# Ford 5610 questions



## hotpot_420 (Jul 30, 2010)

It's starting to get quite cold and the 5610 I purchased this summer is rather unhappy about starting. It does not have an engine block heater, does anyone have any recommendations for one and exactly where to install it? Also do I need to use a diesel anti gel additive with the fuel? if so what brand/type?


----------



## BERMUDA KEN (Jul 23, 2010)

An engine block heater is availible to be fitted. This is NH part # 86578375. By using this and possibly a magnetic oil pan heater, the engine should start easier.

Ring me toll free at 1-866-327-6255 (8-5 cst) M-F if you have more technical questions.


----------



## Jerry/MT (Feb 11, 2010)

hotpot_420 said:


> It's starting to get quite cold and the 5610 I purchased this summer is rather unhappy about starting. It does not have an engine block heater, does anyone have any recommendations for one and exactly where to install it? Also do I need to use a diesel anti gel additive with the fuel? if so what brand/type?


Jelling is usually not a problem untill it gets reallly cold (-20°F). Water in the fuel that freezes the filter will get you before then. Also water in the tank and crud can block the screen on the fuel tap in the tank. Clean, water-free fuel is a must on a diesel.

They usually come with a Thermostart device but it may need repalcement and they are only good to around 10 to 20°F. Look on the intake manifold for a screw in device that that has a wire and a small tube running to it.
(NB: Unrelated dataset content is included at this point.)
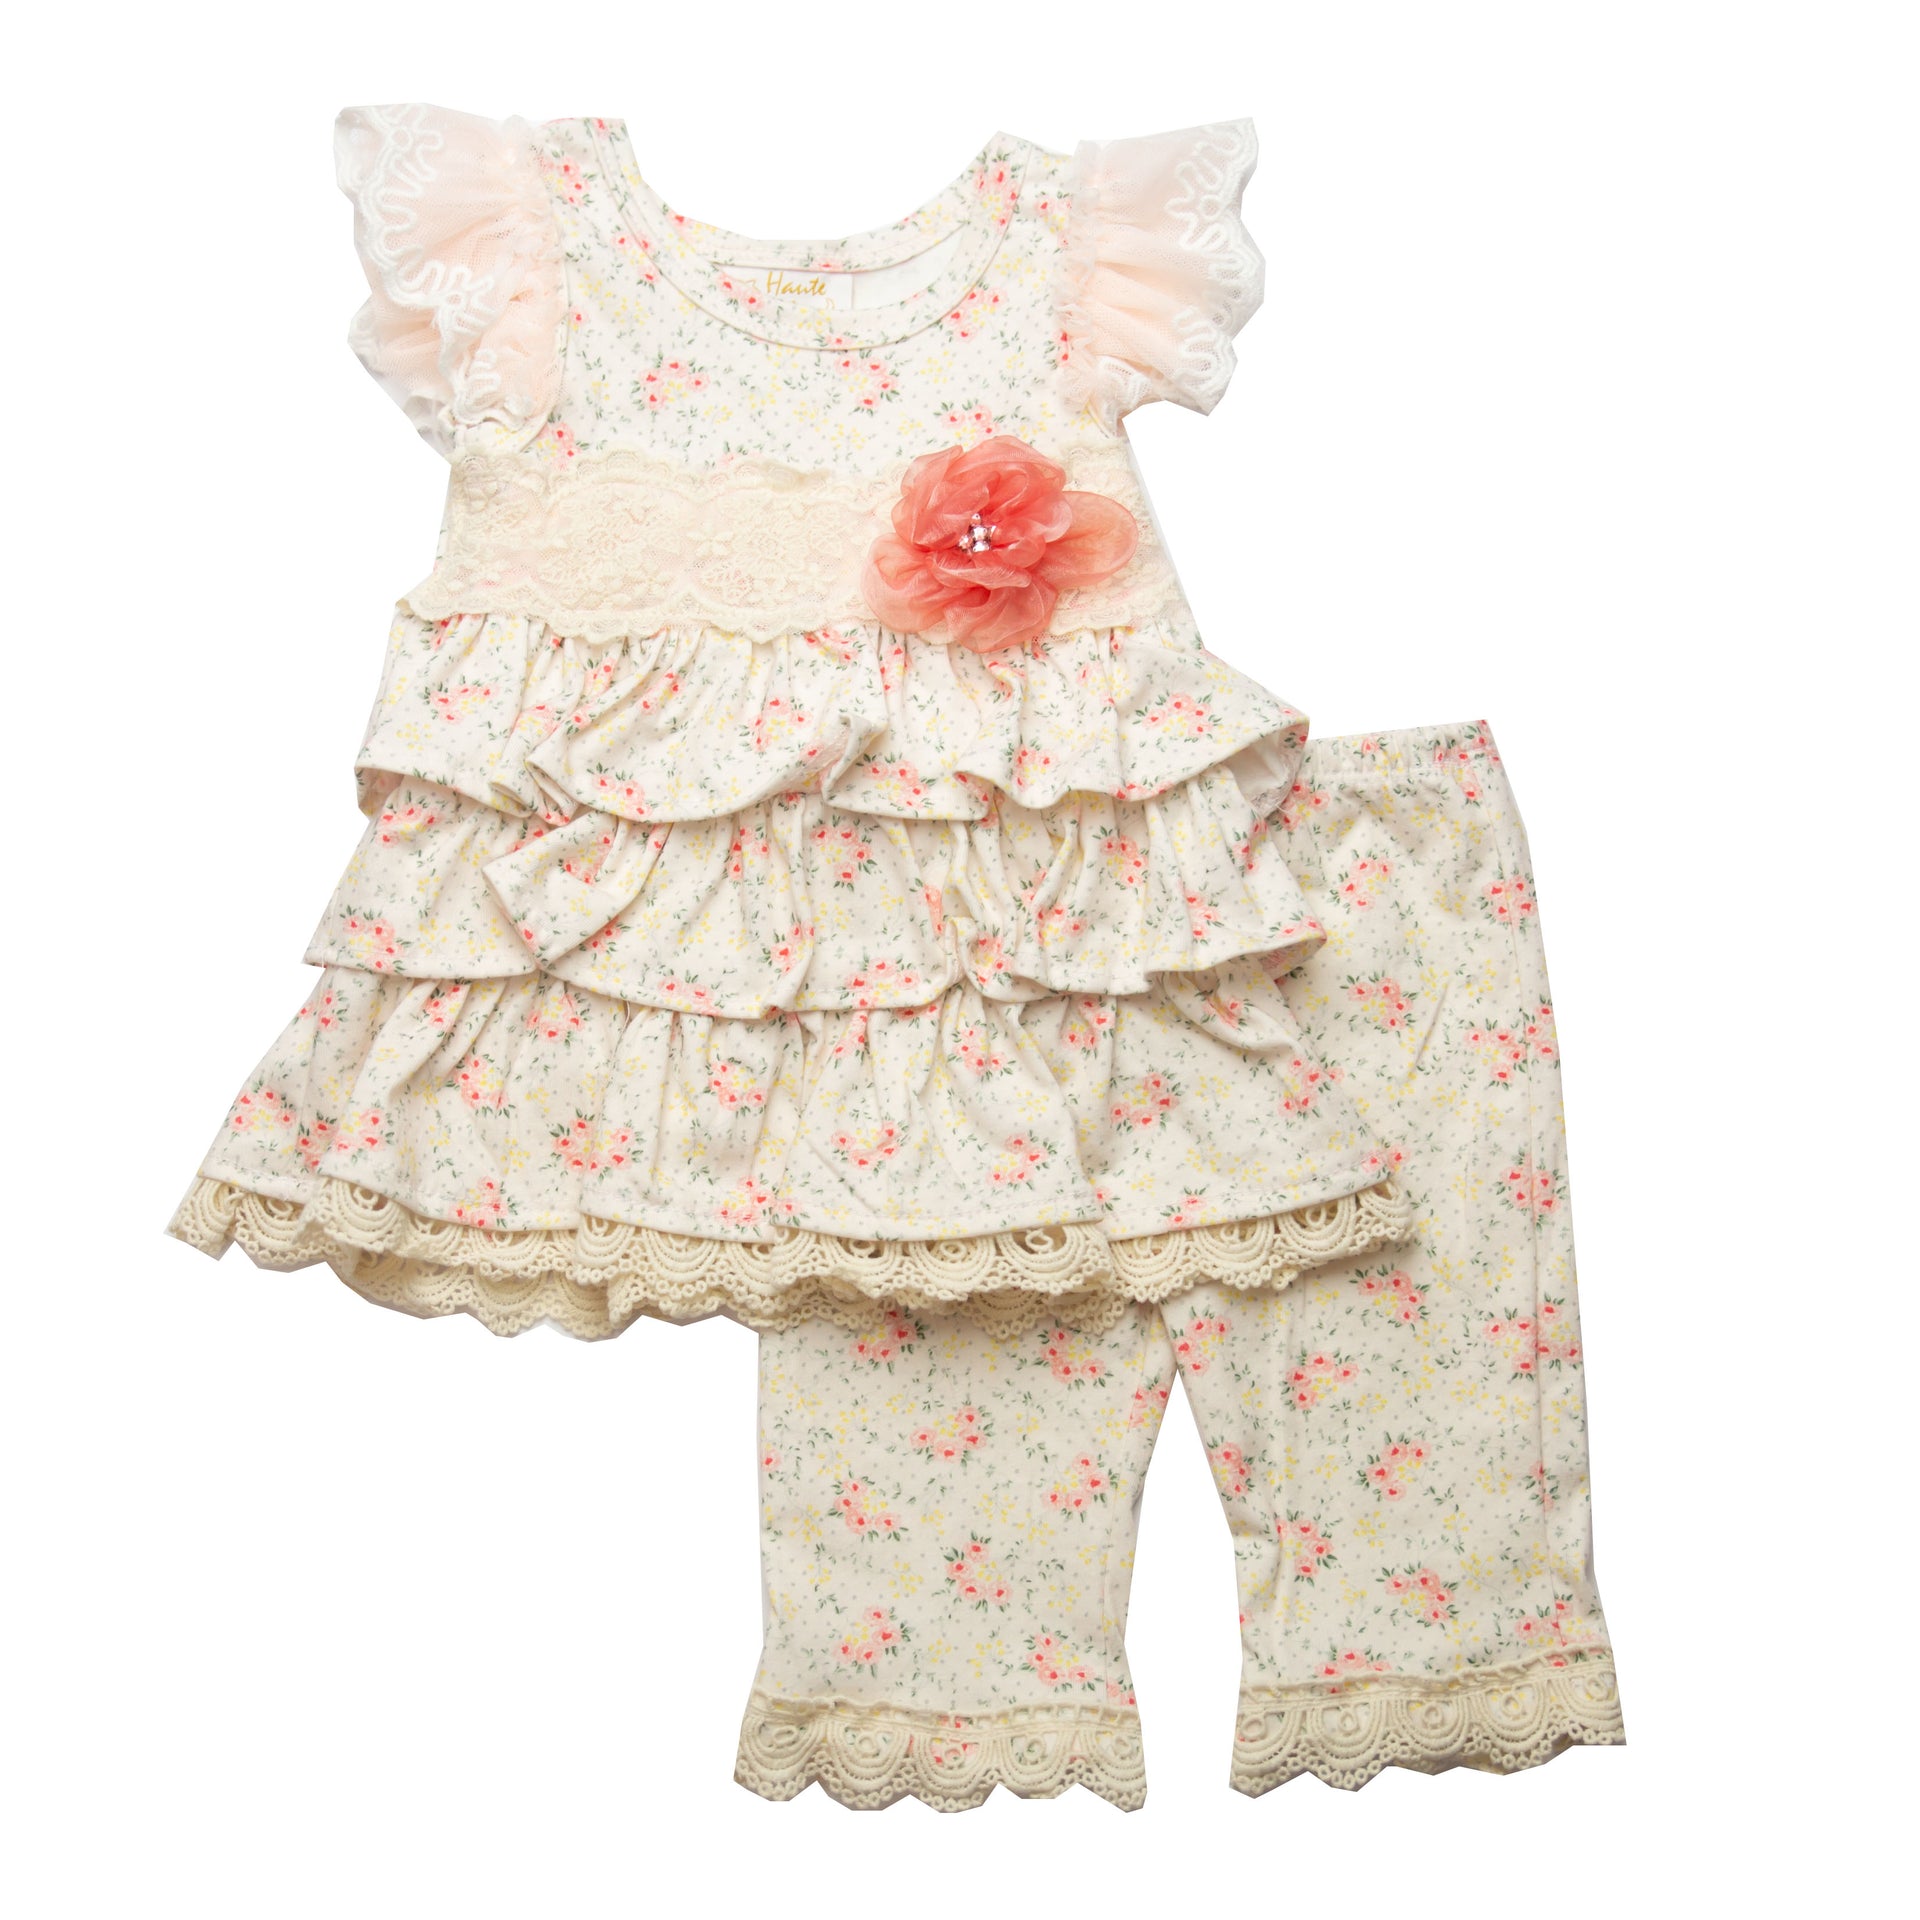 Hint Of Spring Infant Toddler Girls Tunic Set

To activate it you hold the key between Run and start for about 45-60 seconds and then try a start. *If you have a Thermoastart it must be disabled before you use any starting fluid to assist a start. *If you don't disable it the Thermostart is activated during starting and with starting fluid in the manifold, you can blow the intake manifold off the engine.

The best bet is a block heater.It installs in a core plug next to the starter on the right side of my 4610. Don't know where your location is. they're relativelycheap and in my opinion, necessary if you live in a cold winter climate. They should come stock on every diesel tractor! I have mine on a timer and it starts up at 2:00 pm and shut's off at 4:00 pm which is when I feed. Two hours is about all you need in real cold weather. I use mine when the temps get below 40°F because it starts so easy and the oil is warm.

Finally make sure that your battery is in good shape and replace you fuel filters before the winter weather sets in. Keep the tank full to minimize condensation and use a multivis oil. Make sure that you air filter is clean.


----------